Сойка рефлекторно оглядывается, но погони не обнаруживает. Ей, конечно, очень хочется поспрашивать беглянку — кого она видит, слышит или чувствует, и зачем кому-то гнаться за ними? — и даже немного поспорить. Но она решает отложить это до лучших времен. Заглядывая спутнице в глаза, она отмечает, что они напоминают ей о расколотом стекле. Что это? Увидев собственное раздробленное на фрагменты отражение, девушка не смогла забыть этот образ — и теперь она, получается, бежит не столько от мира, сколько от преломления? А может, она просто перестала видеть этот мир как цельный организм, и эта дисгармония нашла отражение в её глазах? Что ж, и такое случается.

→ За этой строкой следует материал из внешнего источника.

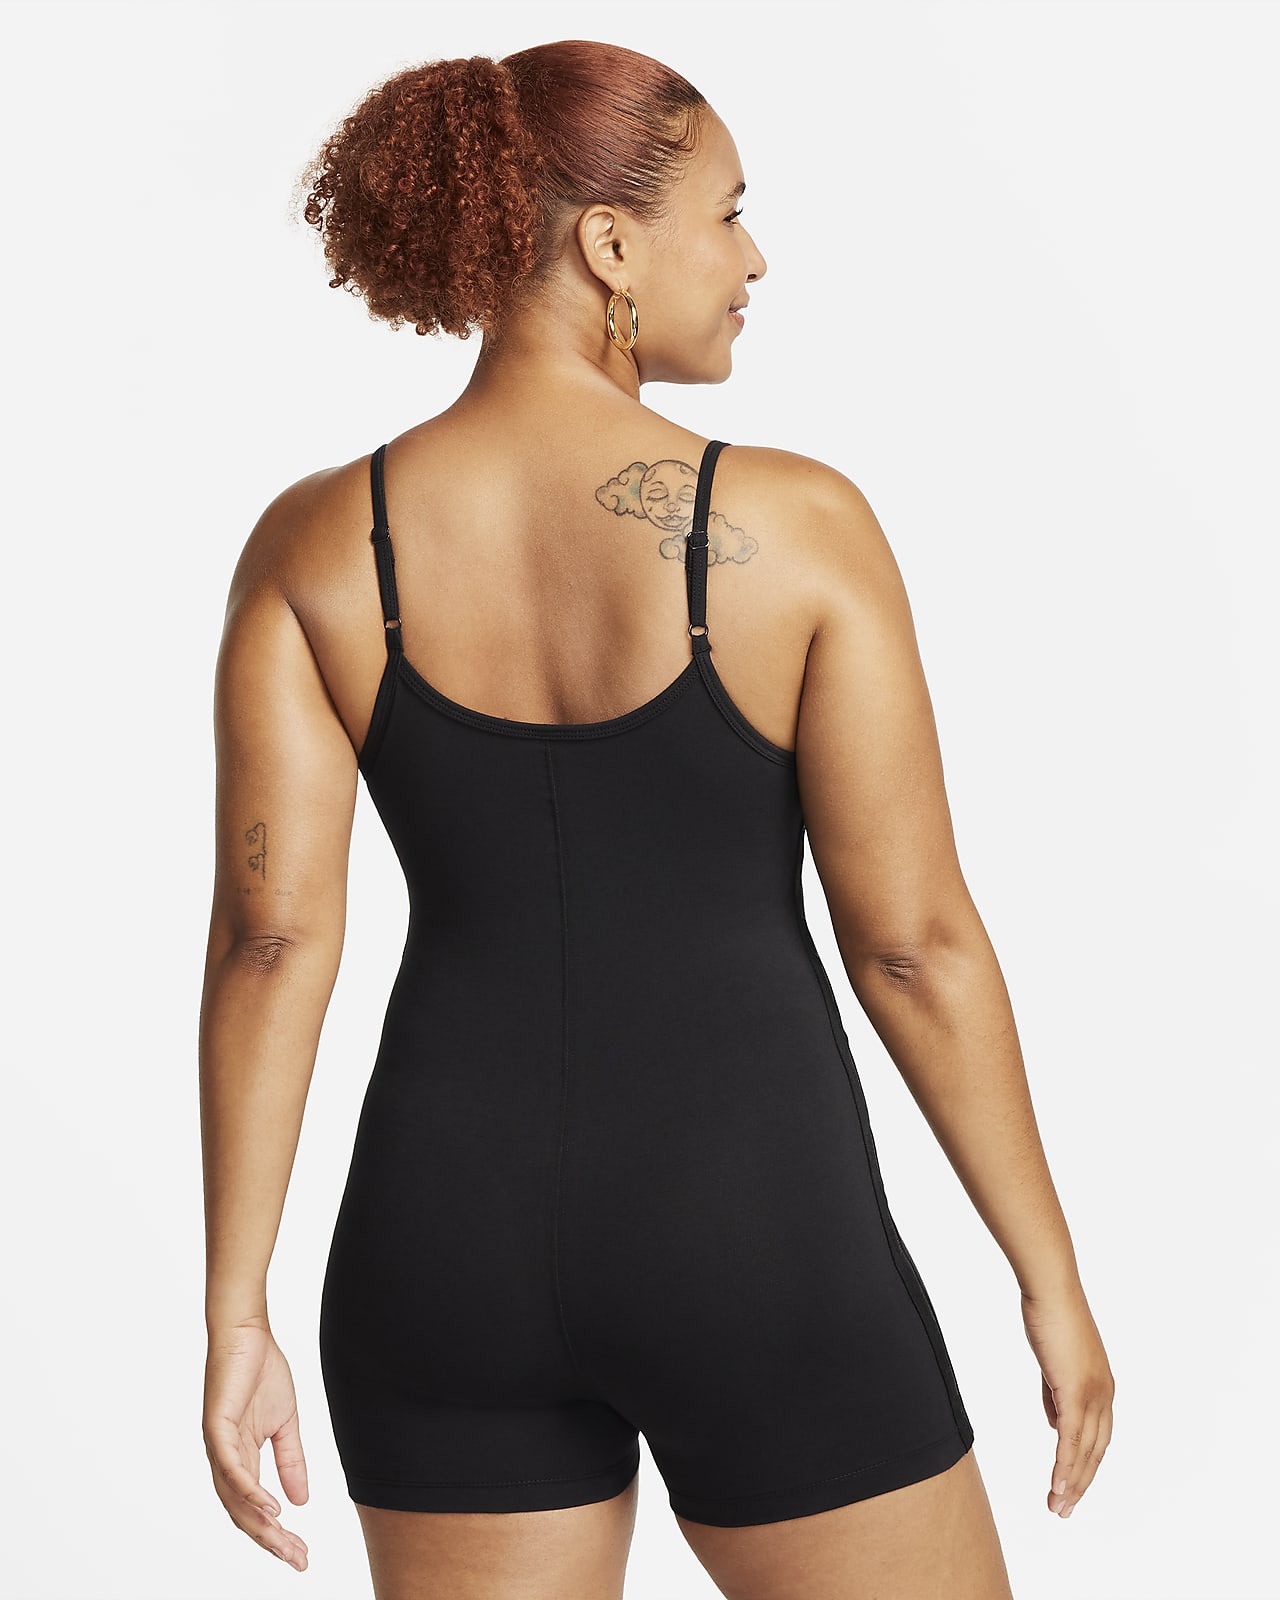 The Best Nike Workout Bodysuits for Women. Nike CA
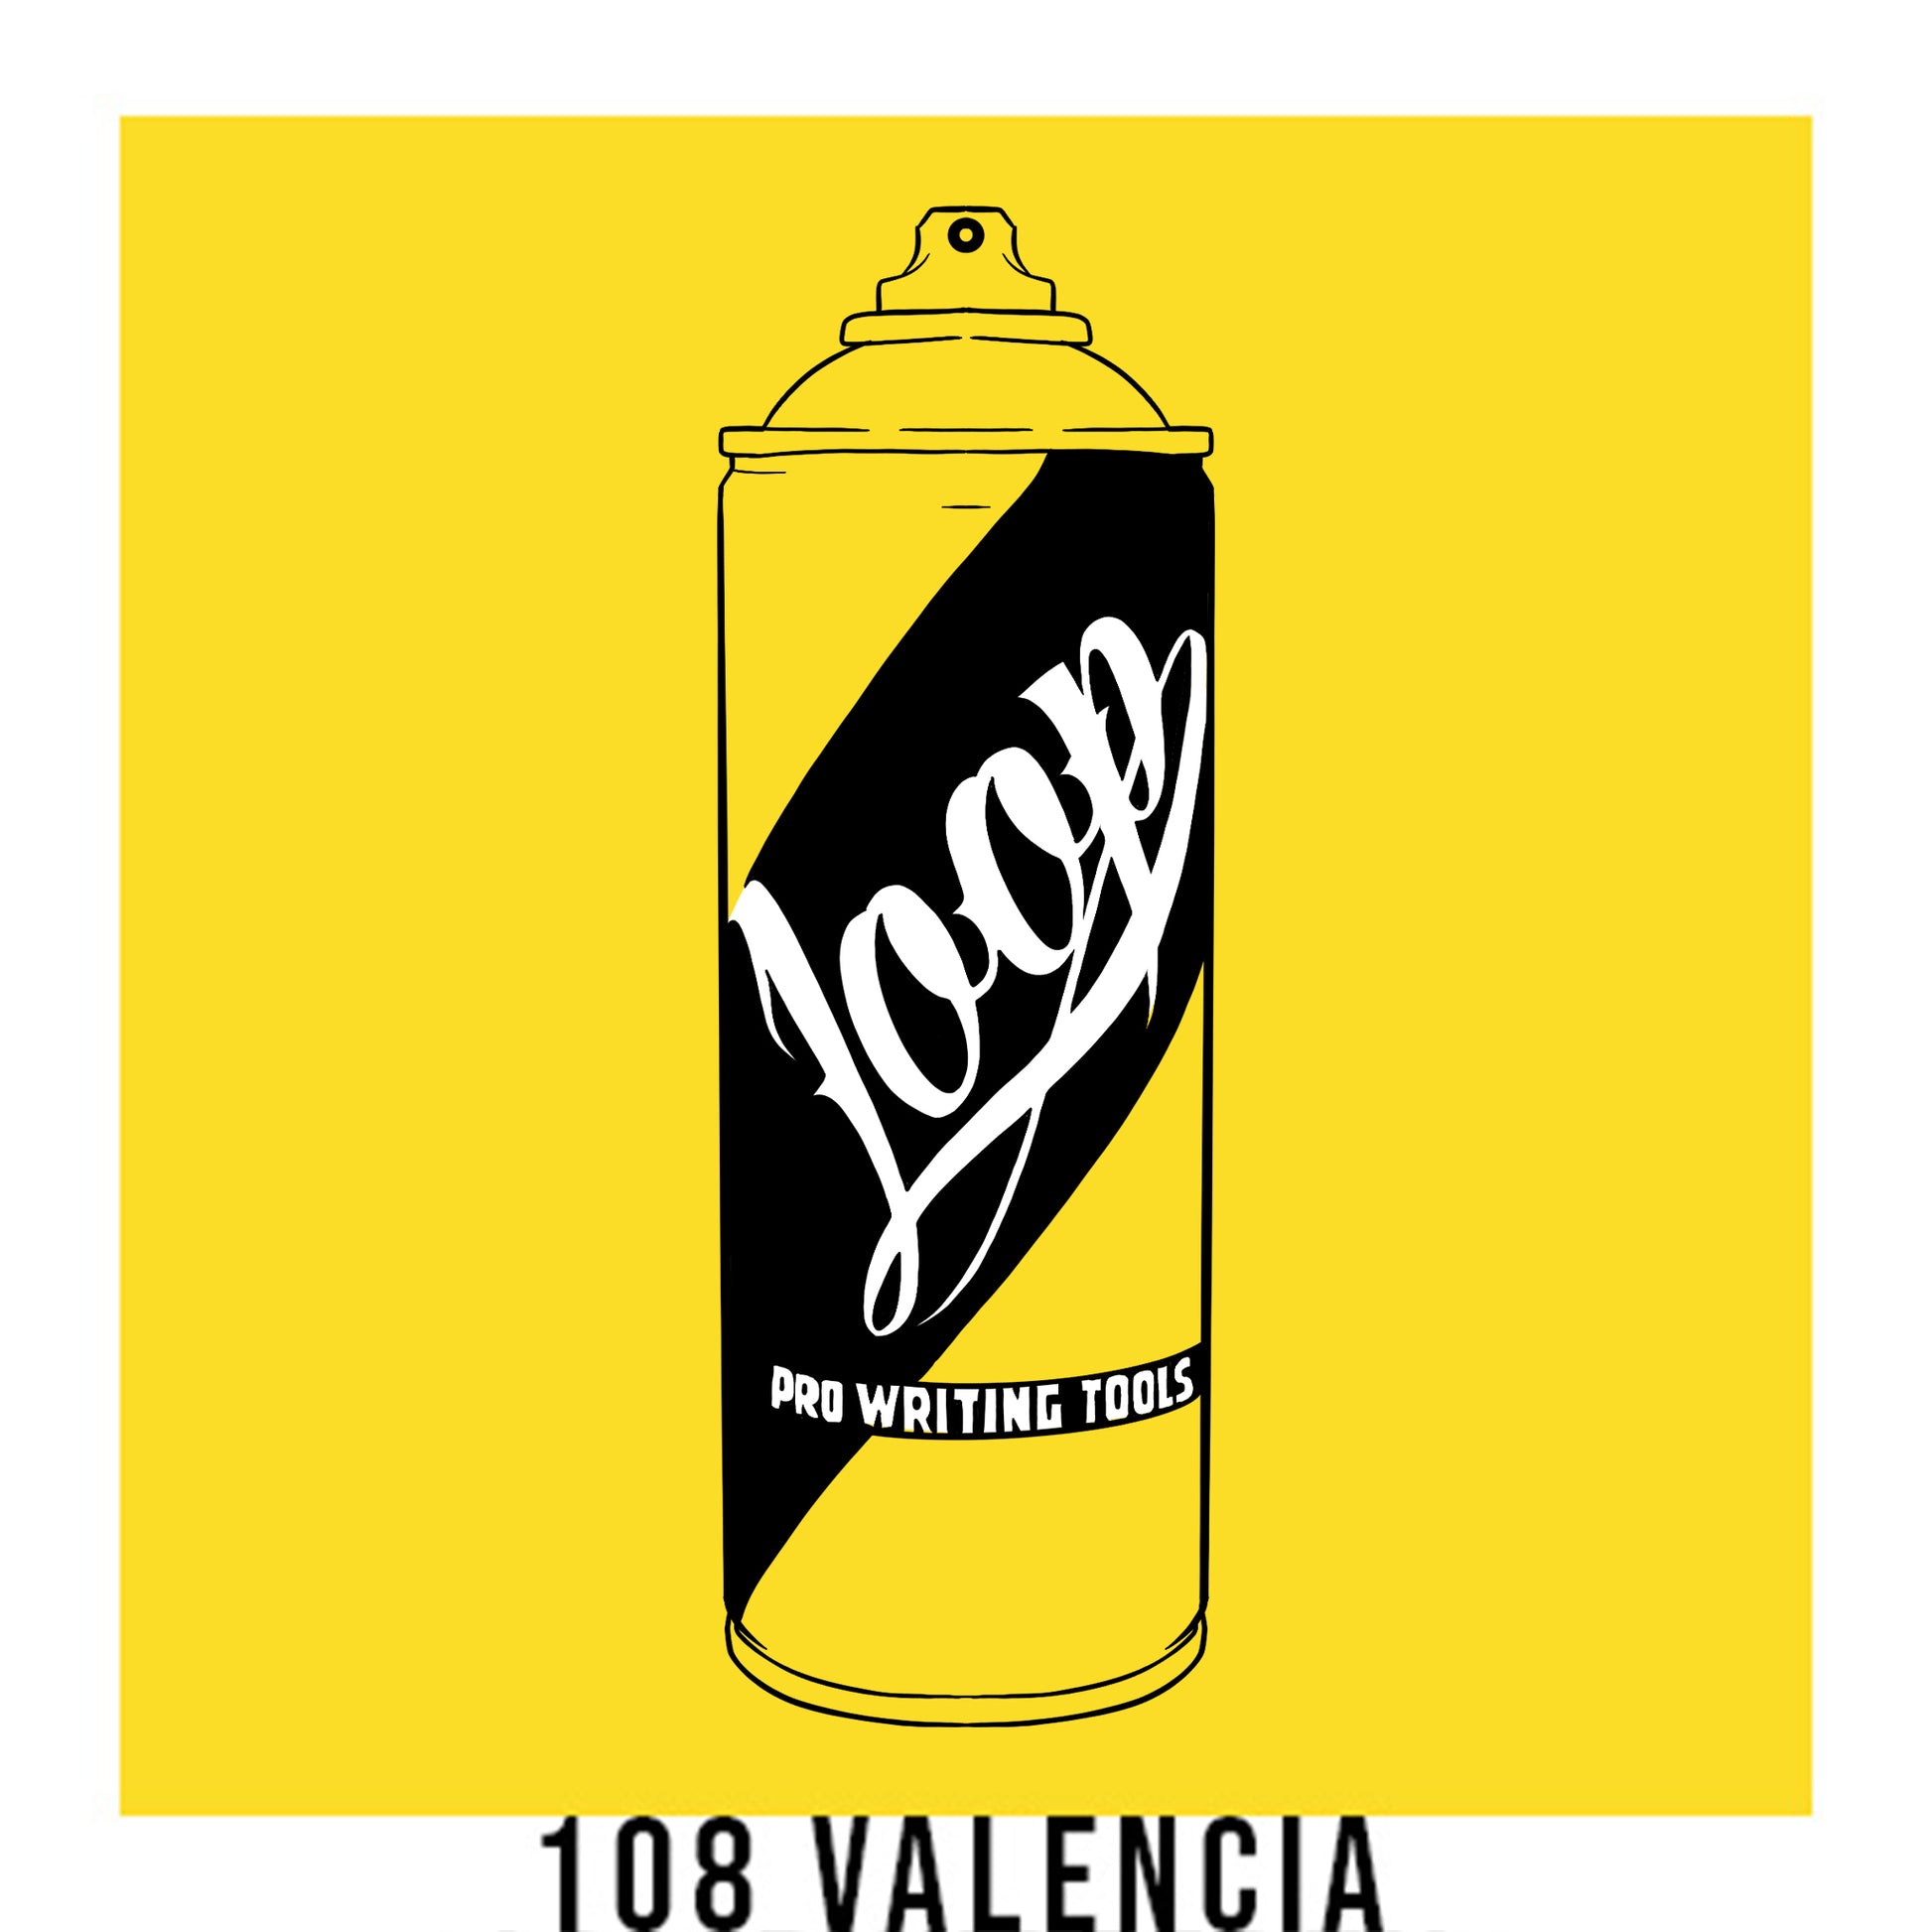 A black outline drawing of a light, bright yellow spray paint can with the word "Loop" written on the face in script. The background is a color swatch of the same yellow with a white border with the words "108 valencia" at the bottom.

— Как хочешь, — немного погодя выдаёт она с искуственным равнодушием в голосе. И тут же искренне ужасается понимаю, что до этого момента её расплывчатый план не добирался. А сама Сойка, надо же, добралась… — Ох, как же это делается-то там… Ты вообще представляешь, как я здесь нахожусь?
— Не очень. Но я помню, ты говорила про сны.
— Я оседлала чужой сон и заставила его довести меня до твоего мира. Я это хорошо умею с чужими снами. Попробуй нащупать его и присоединиться…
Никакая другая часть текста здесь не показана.